Saturday mornings were usually Samuel's favorite time to write.
The apartment was quiet, the street outside still half asleep, and the sunlight from the single window in his office came in at just the right angle to warm his desk without blinding him. He made coffee, set it down within easy reach, and opened the bound manuscript from the print shop.

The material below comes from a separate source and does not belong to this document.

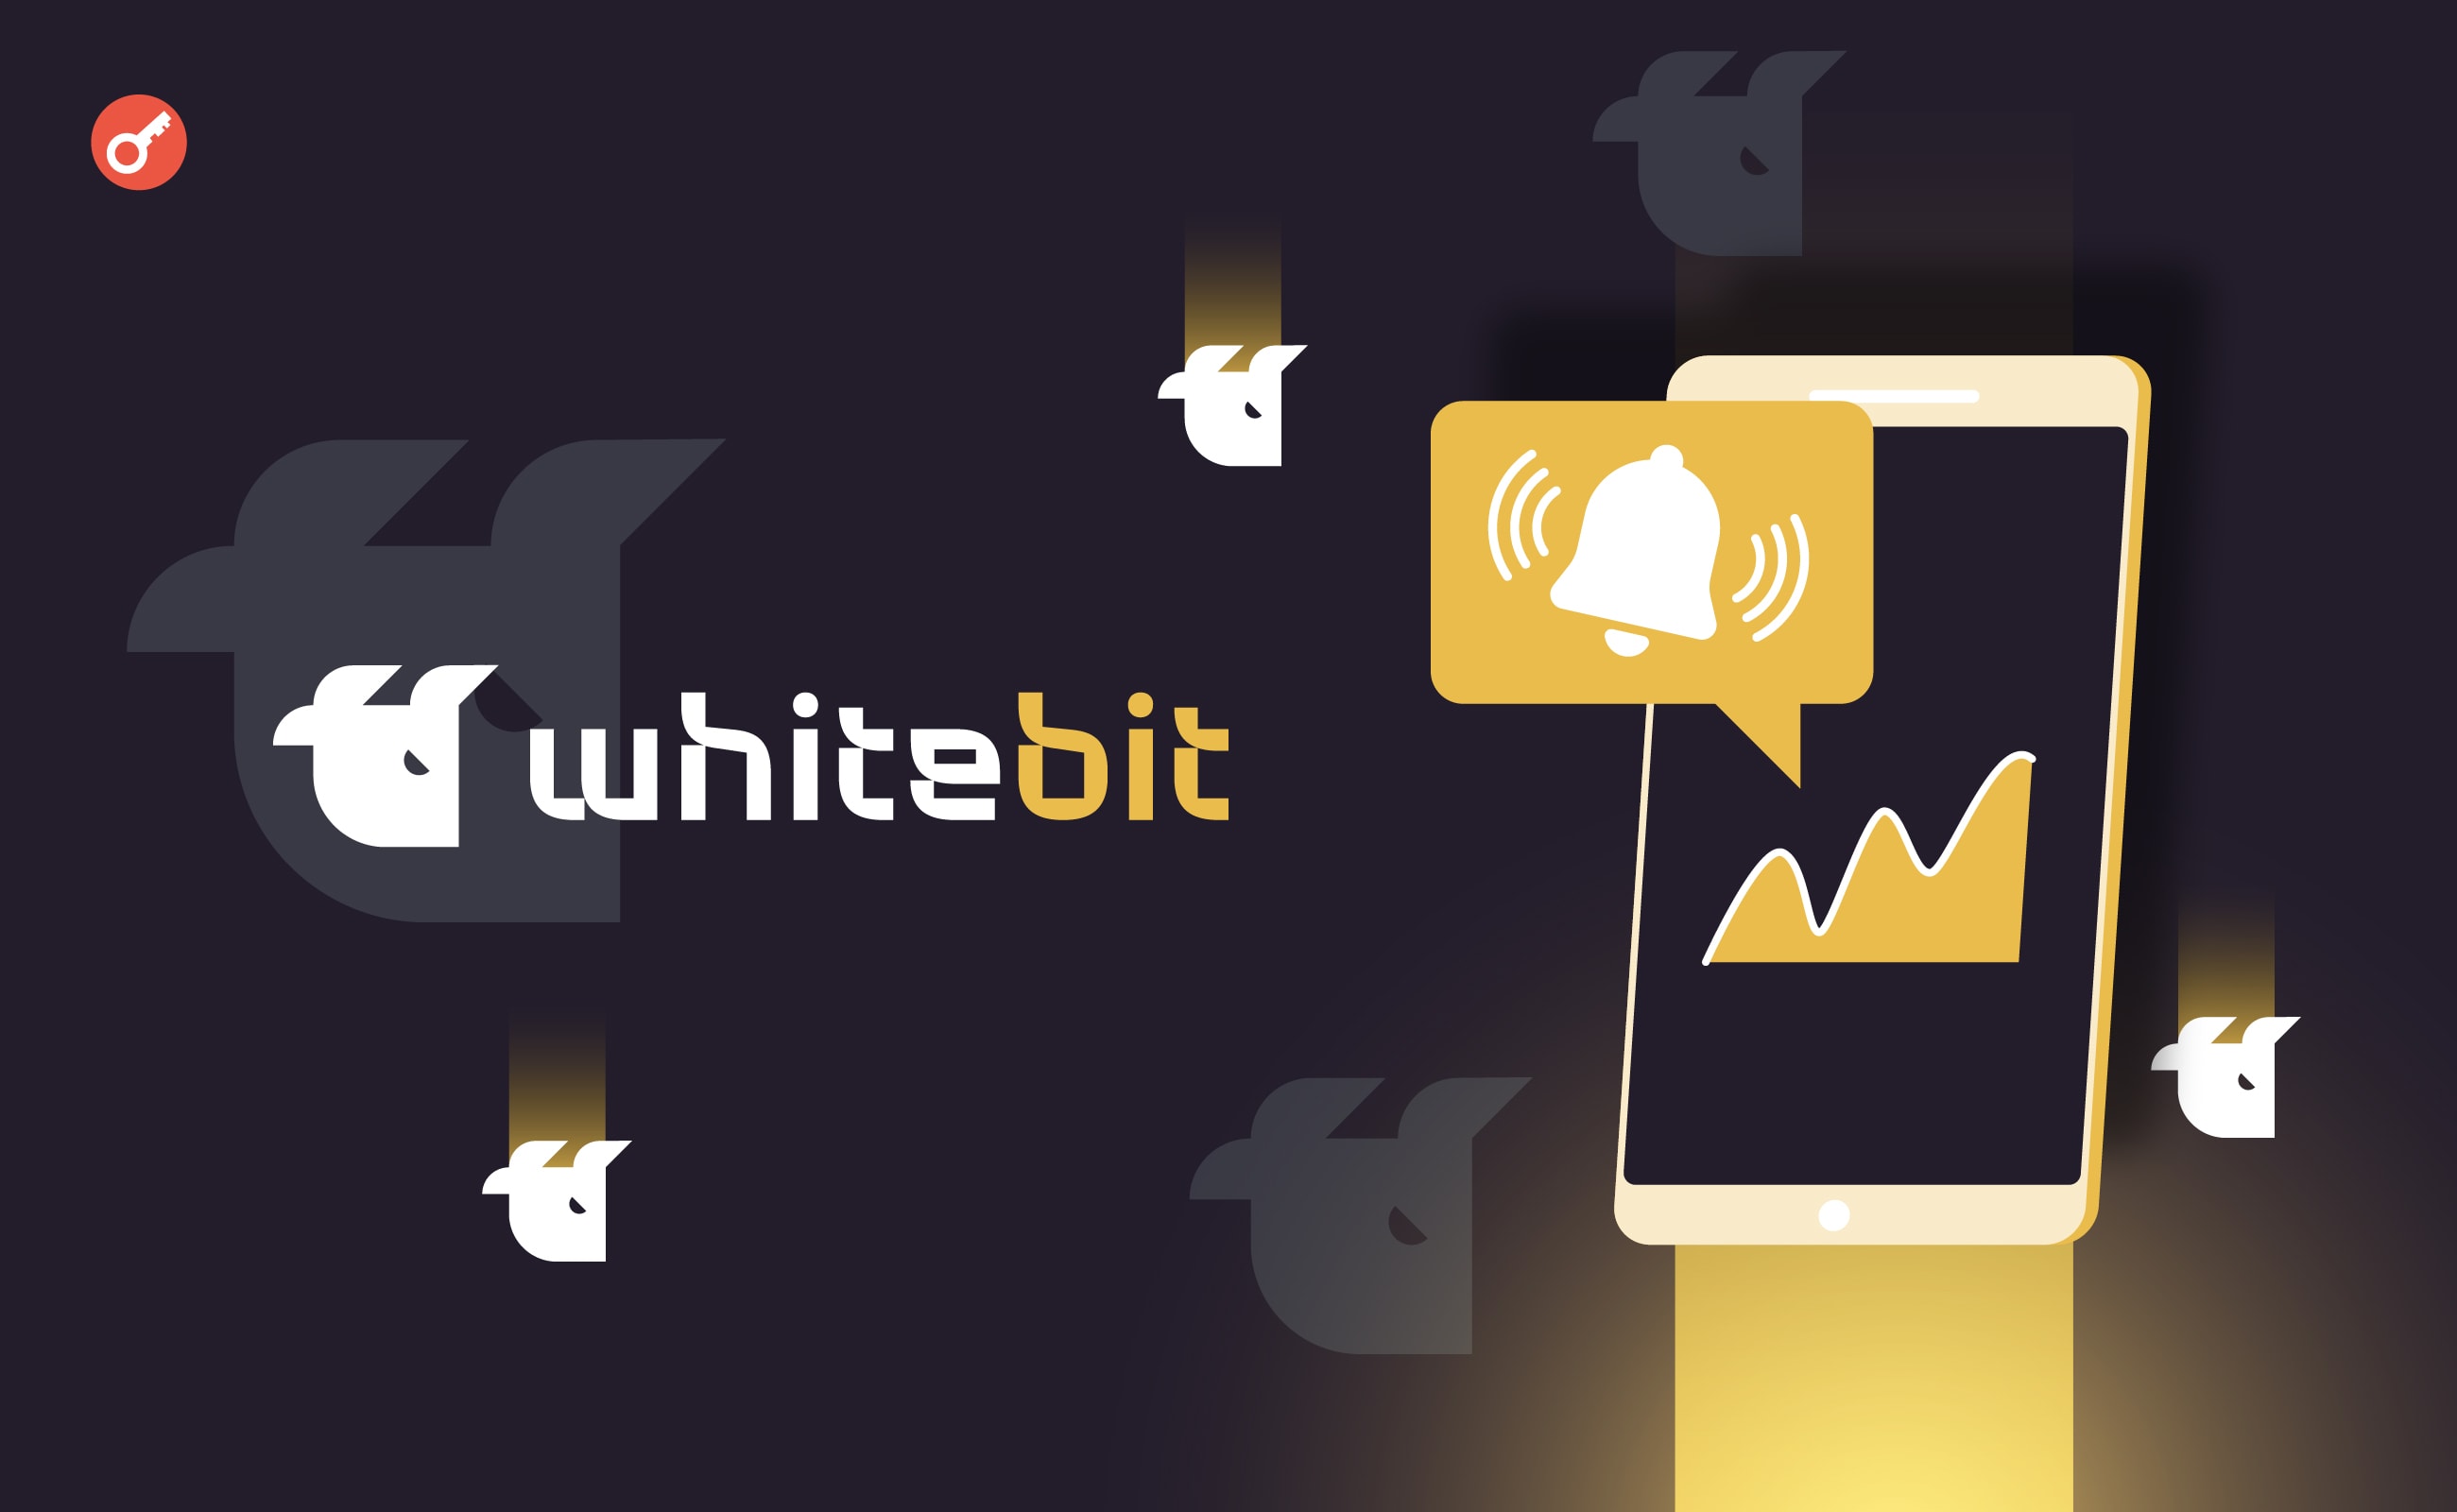 WhiteBIT додала цінові сповіщення у мобільний застосунок. Головний колаж новини.
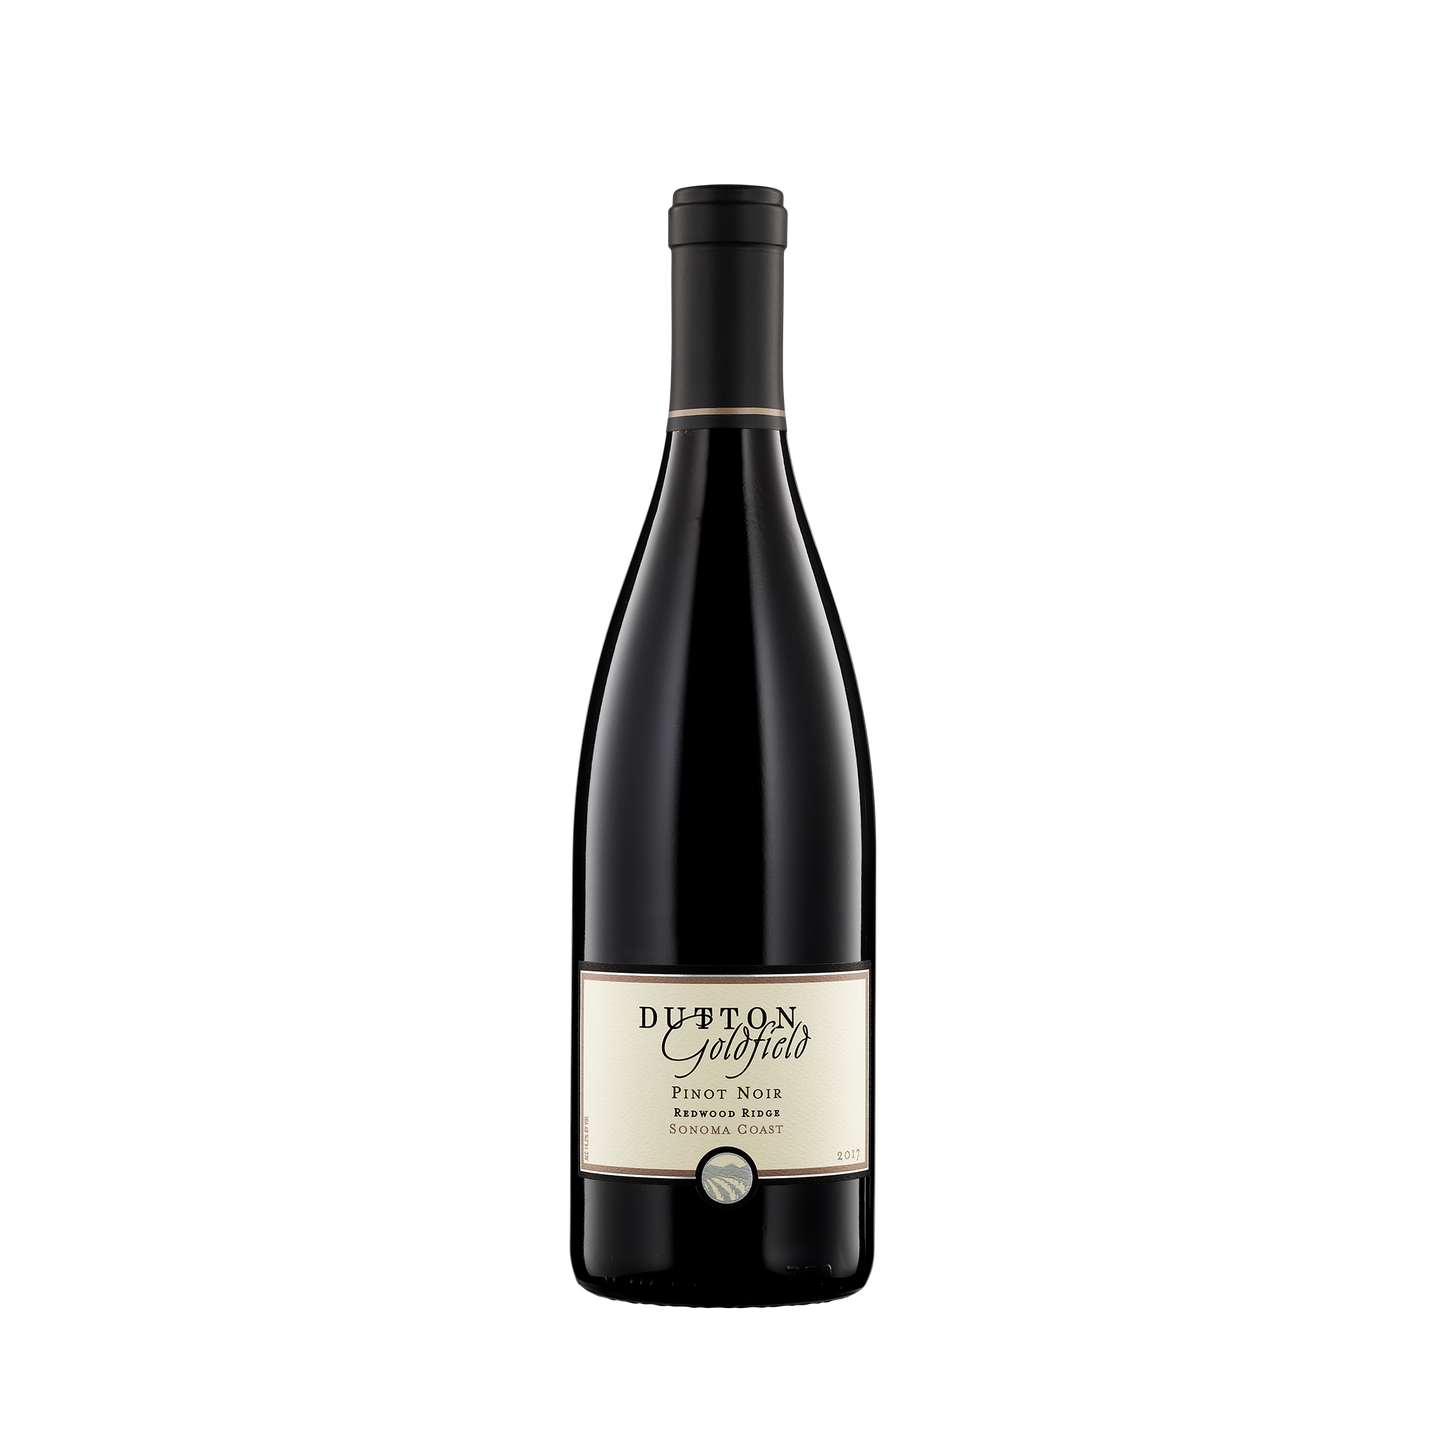 A bottle of Dutton-Goldfield 2017 Pinot Noir

The plan was simple: go over Chapter Eleven in red ink, tighten the dialogue between Marshal Corwin and Xirathul, maybe give the drifter a sharper introduction. He flipped to the right page, pen uncapped, mind already sinking into the burnt flats.
The mug was in his hand before he even realized he'd reached for it. He took a sip, set it back down and clipped the edge of the manuscript.
It happened in slow motion: the mug tipped, the coffee sloshed, and a dark ribbon of liquid rolled across the page like a tide over sand.
"Ah, hell….."
Samuel scrambled for a handful of tissues, blotting at the paper, cursing under his breath. The ink bled instantly, turning Corwin's standoff into a brown stained blur. Whole sentences vanished in a heartbeat.
By the time he'd mopped up the worst of it, the page was ruined. The paper had gone soft, curling at the edges, and the words that remained were smudged into ghosts.
He sat back and sighed. "Well," he muttered, "guess we're rewriting that scene from scratch."
He set the damaged copy aside, pulled up the digital file on his laptop, and found the same scene. Fingers on the keys, he started over, the smell of coffee still sharp in the air.
Outside, a car horn blared somewhere down the street. His upstairs neighbor turned on the vacuum. Life went on.
By noon, the scene was nearly rebuilt cleaner, maybe even better than before. The accident was already fading from his mind, just another clumsy moment in a life full of them.